In [1]:
from resources.workspace import *

/Users/brajard/Documents/recherche/collaboration/bigdata/DAPPER


### The Gaussian (i.e. Normal) distribution

Consider the random variable with a Gaussian distribution with mean $\mu$ (`mu`) and variance $P$. We write its probability density function (**pdf**) as
$$ p(x) = N(x|\mu,P) = (2 \pi P)^{-1/2} e^{-(x-\mu)^2/2P} \, .  \qquad \qquad (1) $$

---
**Exc 2.2:** Code it up (complete the code below)! Hints:
* Note that `**` is the power operator in Python.
* As in Matlab, $e^x$ is available as `exp(x)`

In [3]:
# Univariate (scalar), Gaussian pdf
def pdf_G_1(x,mu,P):
    # pdf_values = ### INSERT ANSWER HERE ###
    return sp.stats.norm.pdf(x,loc=mu,scale=sqrt(P))

In [4]:
show_answer('pdf_G_1')

Let's plot the pdf.

In [5]:
mu  = 0                 # mean     of distribution
P   = 25                # variance of distribution
P12 = sqrt(P)           # std. dev of distribution

# Plotting
N  = 201                # num of grid points
xx = linspace(-20,20,N) # grid
dx = xx[1]-xx[0]        # grid spacing
pp = pdf_G_1(xx,mu,P)   # pdf values
plt.subplot(211)        # allocate plot panel
plt.plot(xx,pp);        # plot

<IPython.core.display.Javascript object>

This could for example be the pdf of a stochastic noise variable. It could also describe our uncertainty about a parameter (or state), which we model as randomness in the Bayesian paradigm.

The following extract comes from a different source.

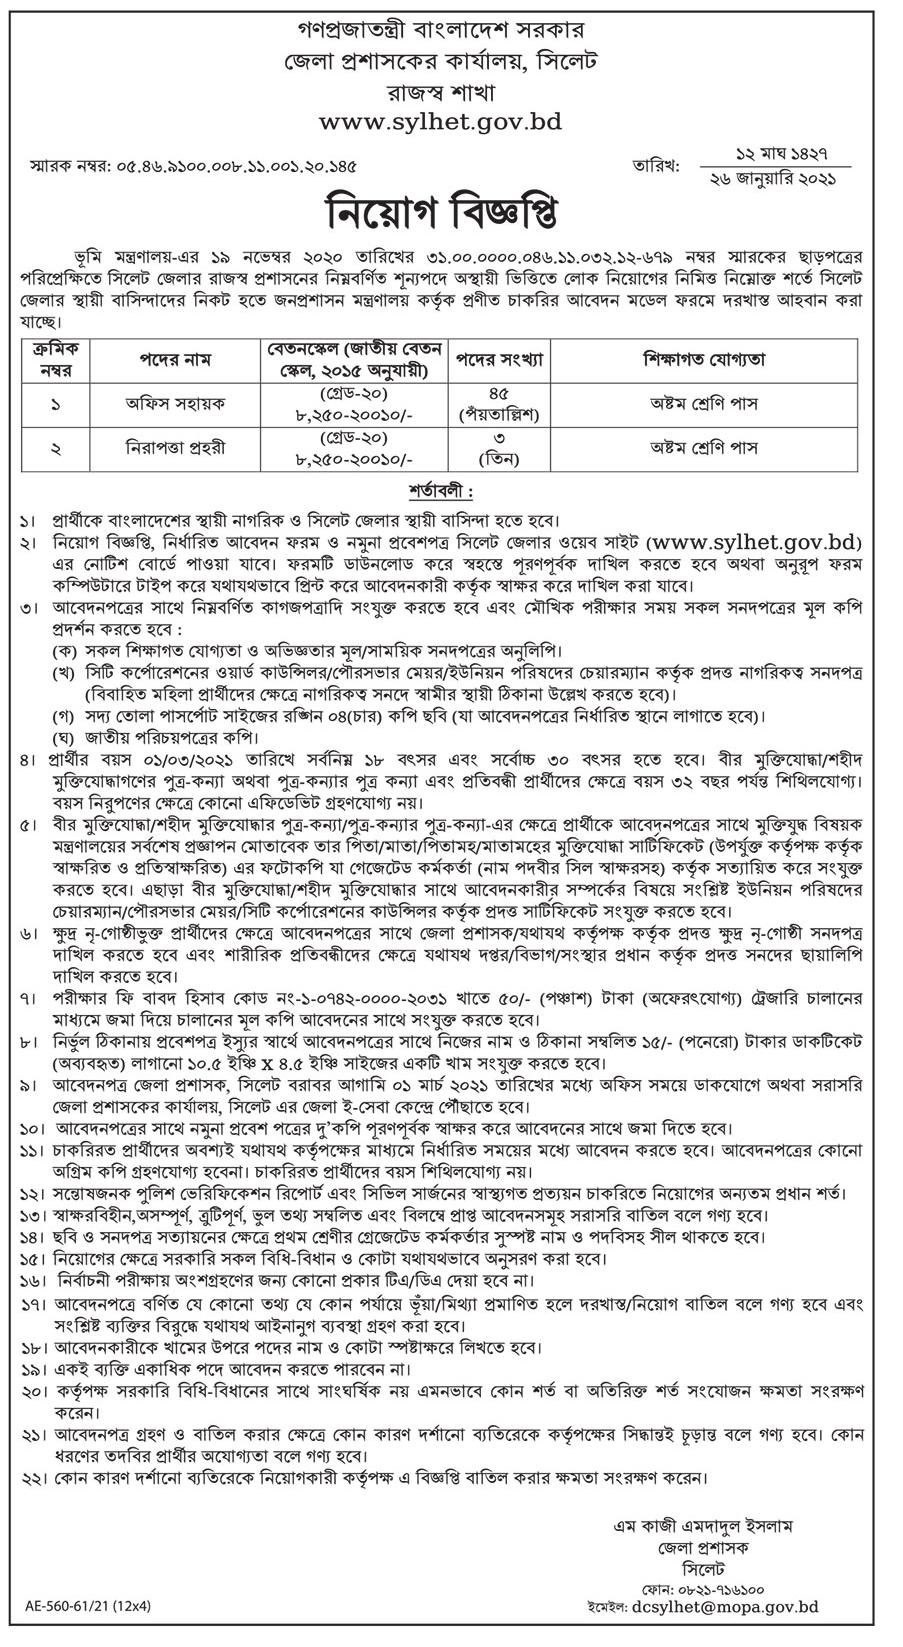 Sylhet dc office job circular 2021 - সিলেট জেলা প্রশাসকের কার্যালয়ে নিয়োগ বিজ্ঞপ্তি ২০২১

**Exc 2.4:** Change `P` in the above code, and re-run the cell. Look at the figure.
 * How does the pdf curve change when you increase P?
 * Re-set `P=25` and re-run (this is a convienient value for examples)

**Exc 2.6:** Recall $p(x)$ from eqn (1). The following are helpful points to remember how it looks. Use pen, paper, and calculus. Hint: it's typically easier to analyse $\log p(x)$ rather than $p(x)$ itself.
 * Where is the location of the mode (maximum) of the distribution? I.e. where $\frac{d p(x)}{d x} = 0$.
 * Where is the inflection point? I.e. where $\frac{d^2 p(x)}{d x^2} = 0$.
 * What is the value of $\frac{d^2 \log p(x)}{d x^2}$ at the mode?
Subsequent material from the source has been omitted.